Si deve aspetttare nuovamente Kusama con Infinity-Nets (OPQR) per registare una performance degna di nota: 1.4 milioni di hammer price, contro una stima massima di 1 milione. Poco da dire sulla Superficie Rigata di Enrico Castellani che fatica a centrare le aspettative e così fa linea di Manzoni al lotto successivo. Va bene,  invece, Jannis Kounellis il cui Untitled del 1960 strappa la terza aggiudicazione di sempre per l’artista: 950.000 £.

 

LOTTO 33 – DAVID HOCKNEY, Still Life (Flowers), 1966. Acrylic on canvas, 61 x 91.4 cm.

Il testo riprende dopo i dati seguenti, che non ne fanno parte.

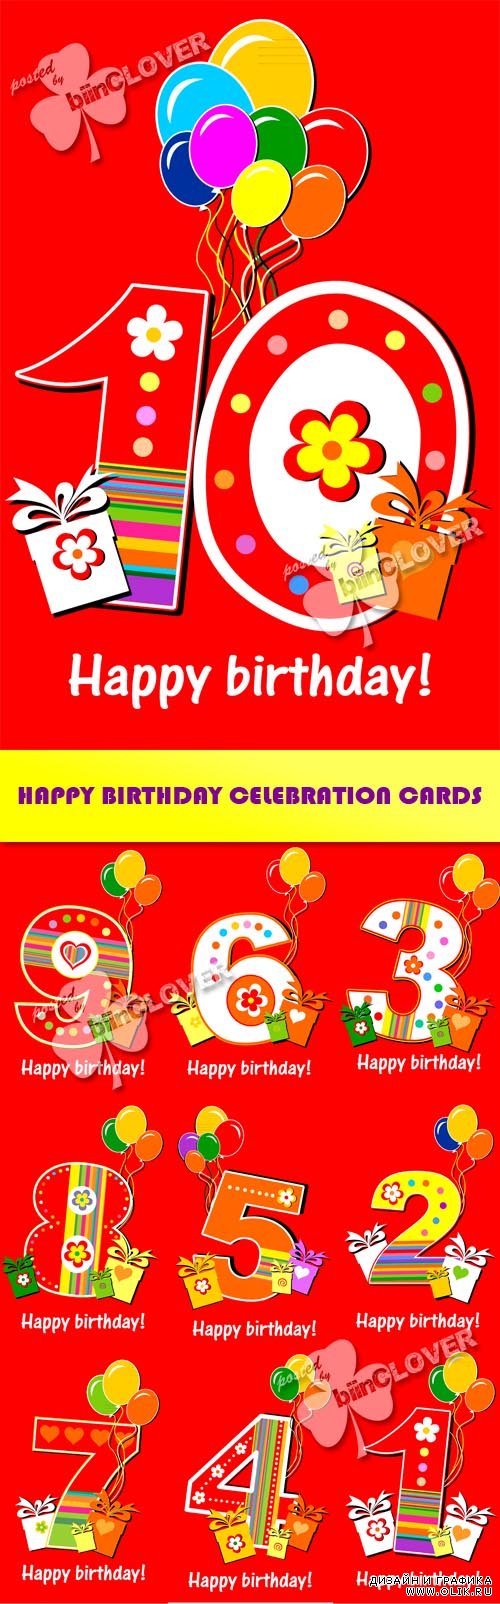 Happy birthday celebration cards 0422

L’asta si avvia verso la fine ma il ritmo sembra non cambiare fin a quando non è Still Life (Flowers) di David Hockney a prendere la scena. L’acrilico, realizzato nel 1966, è proposto con una stima in catalogo di 500-700.000 £ e proviene da una importante collezione giapponese dove è stato custodito per oltre 30 anni. Le offerte salgono rapidamente e alla fine l’opera è venduta ad un prezzo di martello di 1.1 milioni.

Da questo momento in poi, succede poco e tutto scorre serenamente verso la fine con l’asta che si chiude con un totale, buyer’s premium incluso, di 64.561.000. Un risultato ben al di sopra dei 45.7 milioni dell’aspettativa iniziale e più alto anche dell’edizione dell’ottobre scorso di questa stessa asta che si chiuse con un totale di 54.6 milioni di sterline. Anche Londra sembra dunque confermare l’ottimo stato di salute del mercato internazionale delle aste.